如上例子，作者对比了PHP与JAVA构造SQL语句时的不同，JAVA用的是prepared statements(当然PHP引入PDO后也是这样，但是int类型还是会出问题)。而PHP直接拼接字符串(natural integration)。

implicit casting 主要涉及到字符串,这种web app中最常见的输入。在代码中常常做出各种诡异的转化。

如使用，extract会根据参数讲数组的键值映射成变量，(这一块没太看清楚,可能就是讲extract这种函数动态向符号表引入变量)。

ANALYSIS

本文主要的贡献是还是一些理论上的形式化分析，没有看到工程上的东西。

步骤：

生成AST

AST: 将PHP解析成抽象语法树(用的PHP5.0.5)，还是以文件为单位的，将文件中无封装的无的语句作为main function, 每一个文件有一个main, 0-N个user-defined function, 分析从main function开始。

建BB，建CFG

分析文件中的每个function的ast。划分BB,本文用的粒度是single entry, single exit sequences of tatements(看到还有以单条statement为粒度的)。然后构建CFG，遇到conditional jumps在CFG edge上label branch predicate。
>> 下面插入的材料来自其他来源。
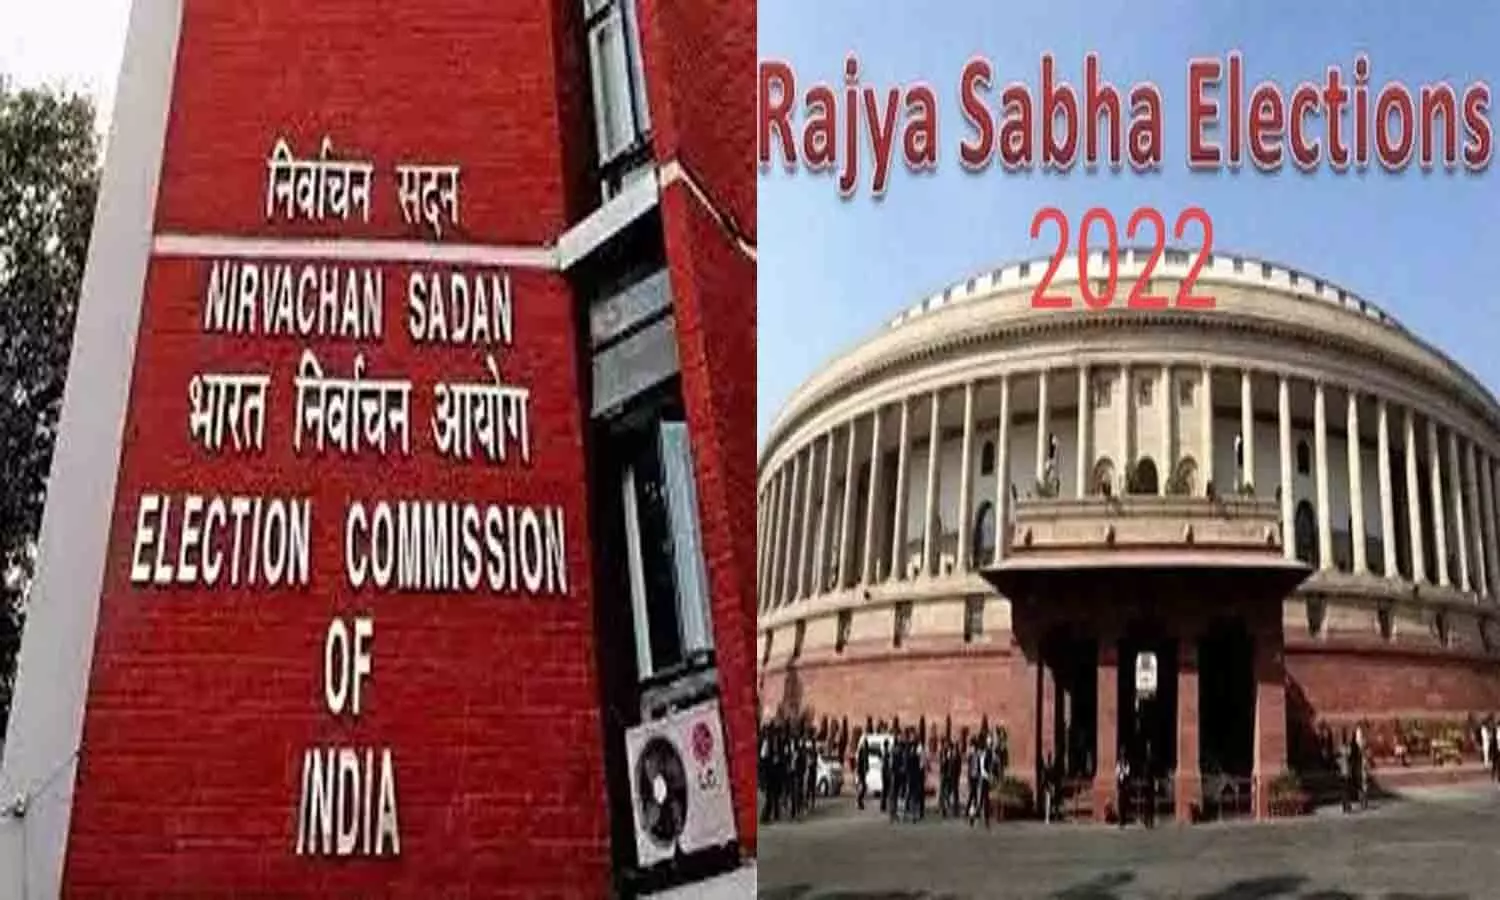 Rajyasabha Election 2022: Announcement of election date for 13 seats, voting will be held in the seats of these states

Simulated using Symbol execution

对每一个基本块，作者使用了动态特性去理解块中的每一条statement对global state of the program所带来的影响，并将这些信息记录成summary。
Reachability analysis

即数据流的可达性分析，建立在构造好summaries的块之上，combine block summaries into a function summary , 此时function summary建立了(即第二层)，每个function summary 描述了pre- and post-conditions of a function
处理calls

在function内做可达性分析时，难免会遇到其他过程的调用，此时需cover。

具体来看：

1. Simulate Basic

在语言建模的基础上，完成转化，生成每个块的summary（BlockSummary）

这个总的算法，输入为一个基本块，初始一个state 用来初始化块中变量状态(x->x0) 。并在循环中迭代更新状态，如果遇到return和exit，则为出口；end block（迭代完成）也为出口，过程间分析时遇到exit也为出口。用每一个基本块的simulate后的state做一个summary, 然后返回这个块的summary。
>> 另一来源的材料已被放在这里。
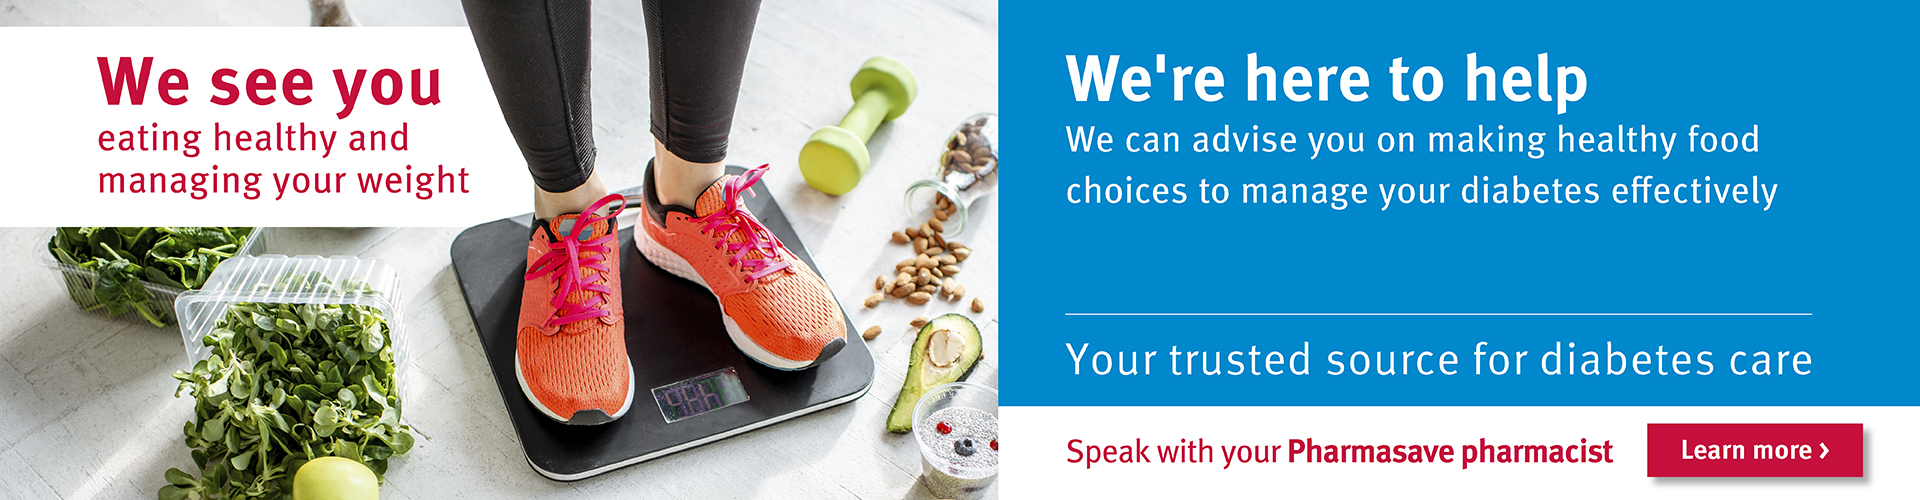 We see you eating healthy and managing your weight and your Pharmasave pharmacist is here to help.

intra-block simulation的关键问题就是在于如何simulate state，以下讨论simulation process:

## Language：先对语言进行建模

在此作者根据需求，对PHP语言进行建模，形成了一个子集：

变量值类型(Value Type): 字符，布尔，数组，静态无法确认的数据(如形参)
常量值类型(Constant): 字符串，数字，true, false, null
L-val(location value)，这里有variable x, 实参，array
表达式(Expression)：常量表达式，变量表达式，二元操作表达式，一元操作表达式，表达式类型转化。
语句(Statement): 赋值语句(表达式运算)，赋值语句(过程调用) ，返回值语句return, 退出语句exit，包含语句include。

其中提到了，include这种statement是scripting language所特有的(which allows prorammers to dynamically insert code into the program)。

Simulation State(Memory Location -> Value)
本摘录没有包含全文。